High-throughput Nextflow workflow using HyperQueue
The Slurm executor of Nextflow is not suitable for large workflows involving tens of thousands of processes on HPC systems. This is due to the usage of individual jobs/job steps that bloat the Slurm log and degrade the performance of the batch job scheduler. To maximize throughput and performance, we recommend the Nextflow workflow tasks to be run using the HyperQueue meta-scheduler as the executor.

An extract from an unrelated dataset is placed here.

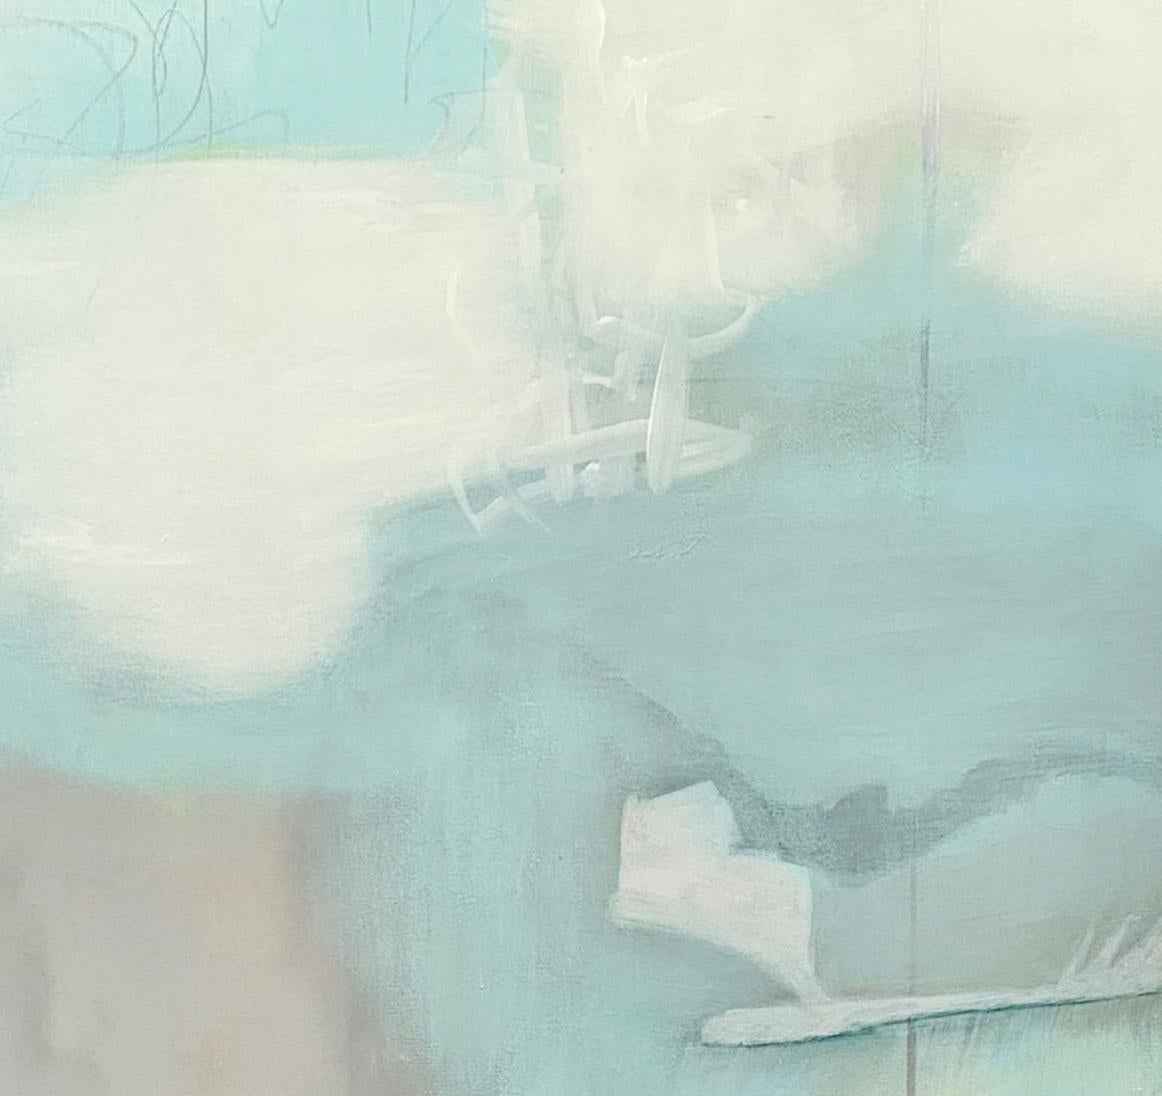 Misty bay 1, paysage abstrait contemporain, bleu, blanc, neutre, aspect asiatique - Painting de Juanita Bellavance 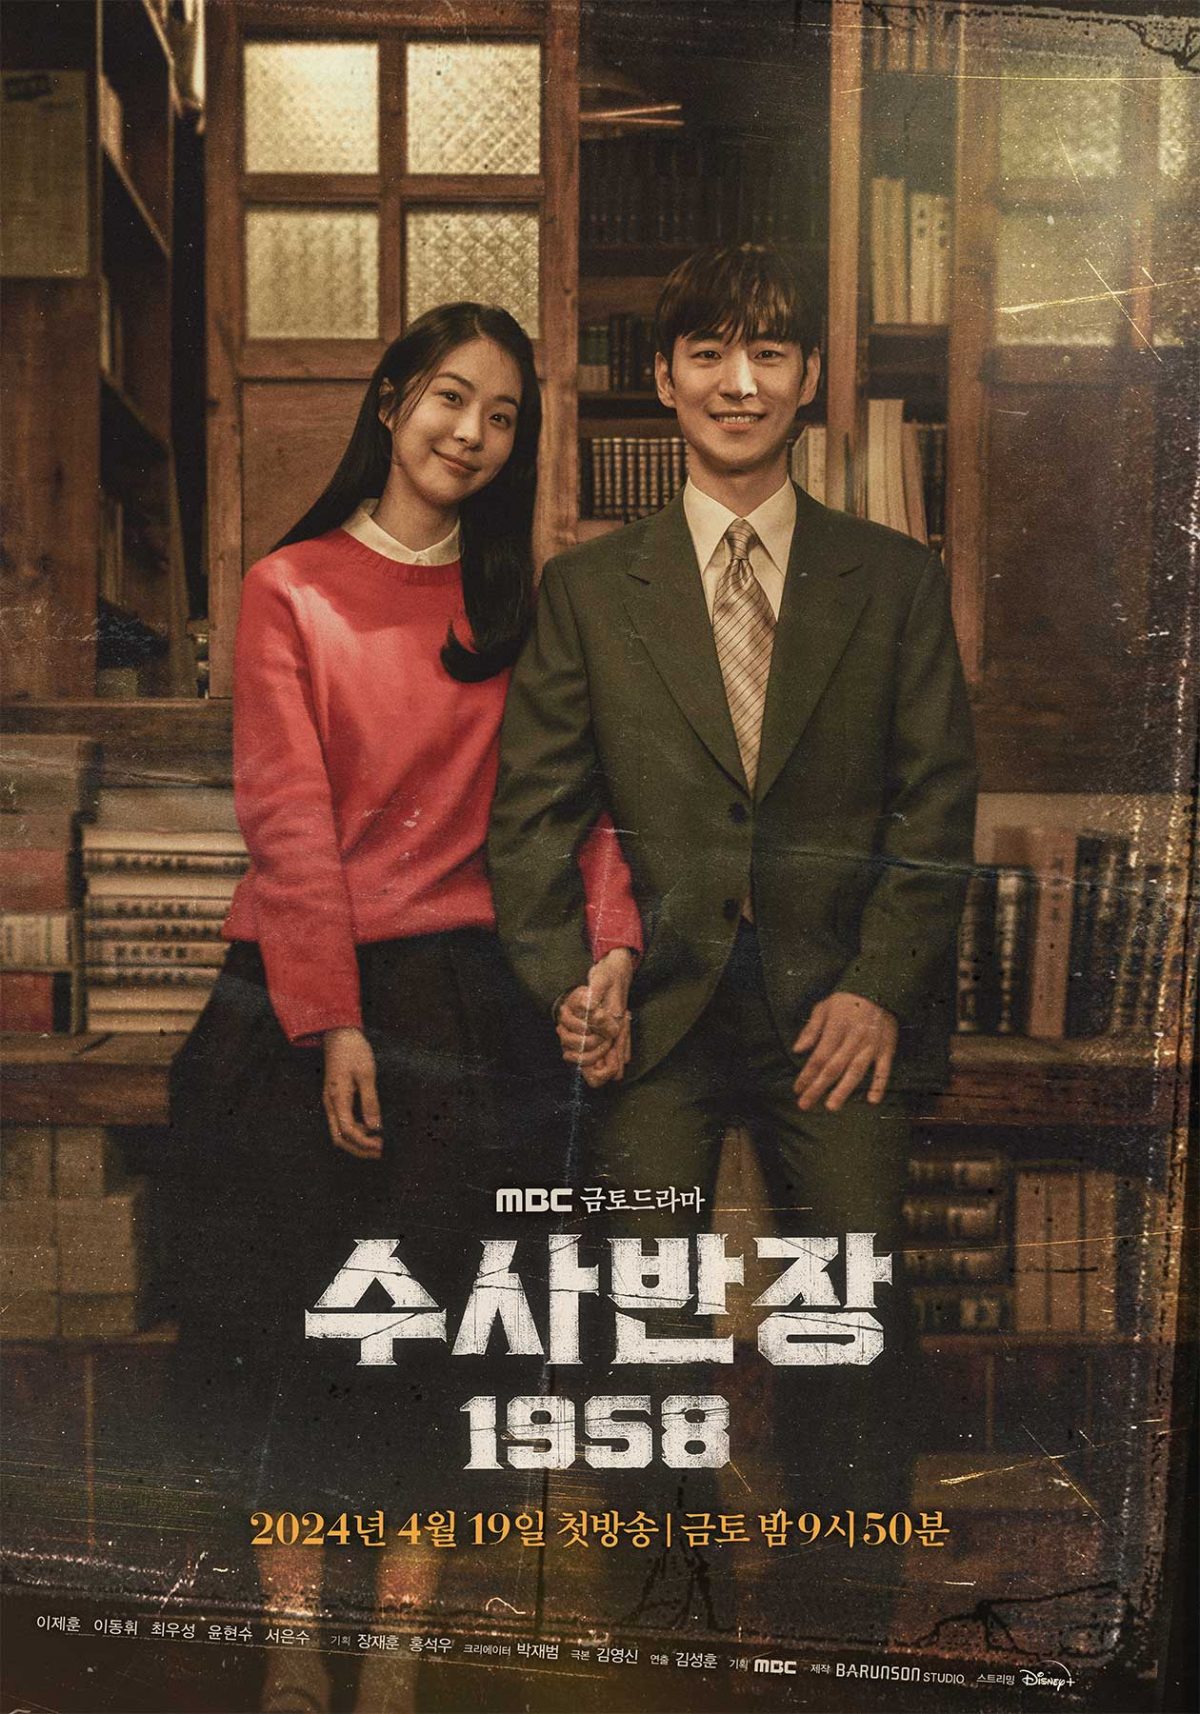 Ли Джэ Хун и Со Ын Су - влюбленная пара на новом постере дорамы "Старший инспектор 1958"

This page provides an example batch script for this purpose.
Note
Whenever you're unsure how to run your workflow efficiently, don't hesitate to contact CSC Service Desk.
Example batch script
#!/bin/bash
#SBATCH --partition=medium
#SBATCH --account=project_2001659
#SBATCH --nodes=3
#SBATCH --exclusive
#SBATCH --time=00:10:00
# Load the required modules
module load hyperqueue
module load nextflow
# Create a per job directory
wrkdir=$PWD/WRKDIR-$SLURM_JOB_ID
mkdir -p $wrkdir/.hq-server
# Set the directory which hyperqueue will use
export HQ_SERVER_DIR=$wrkdir/.hq-server
# Make sure nextflow uses the right executor and
# knows how much it can submit.
echo "executor {
queueSize = $(( 128*SLURM_NNODES ))
name = 'hq'
cpus = $(( 128*SLURM_NNODES ))
}" > $wrkdir/nextflow.config
cp main.nf $wrkdir
hq server start &
srun --cpu-bind=none --hint=nomultithread --mpi=none -N $SLURM_NNODES -n $SLURM_NNODES -c 128 hq worker start --cpus=128 &
num_up=$(hq worker list | grep RUNNING | wc -l)
while true; do
echo "Checking if workers have started"
if [[ $num_up -eq $SLURM_NNODES ]];then
echo "Workers started"
break
fi
echo "$num_up/$SLURM_NNODES workers have started"
sleep 1
num_up=$(hq worker list | grep RUNNING | wc -l)
done
cd $wrkdir
nextflow run main.nf
# Make sure we exit cleanly once nextflow is done
hq worker stop all
hq server stop
Where main.nf
would be the nextflow script you want to run. Note that this batch script
creates a per job directory and copies the nextflow script there before starting.
$ ls
example_jobscript.sh main.nf
$ sbatch example_jobscript.sh
Submitted batch job 137
$ ls
example_jobscript.sh main.nf WRKDIR-137
$ ls WRKDIR-137
main.nf work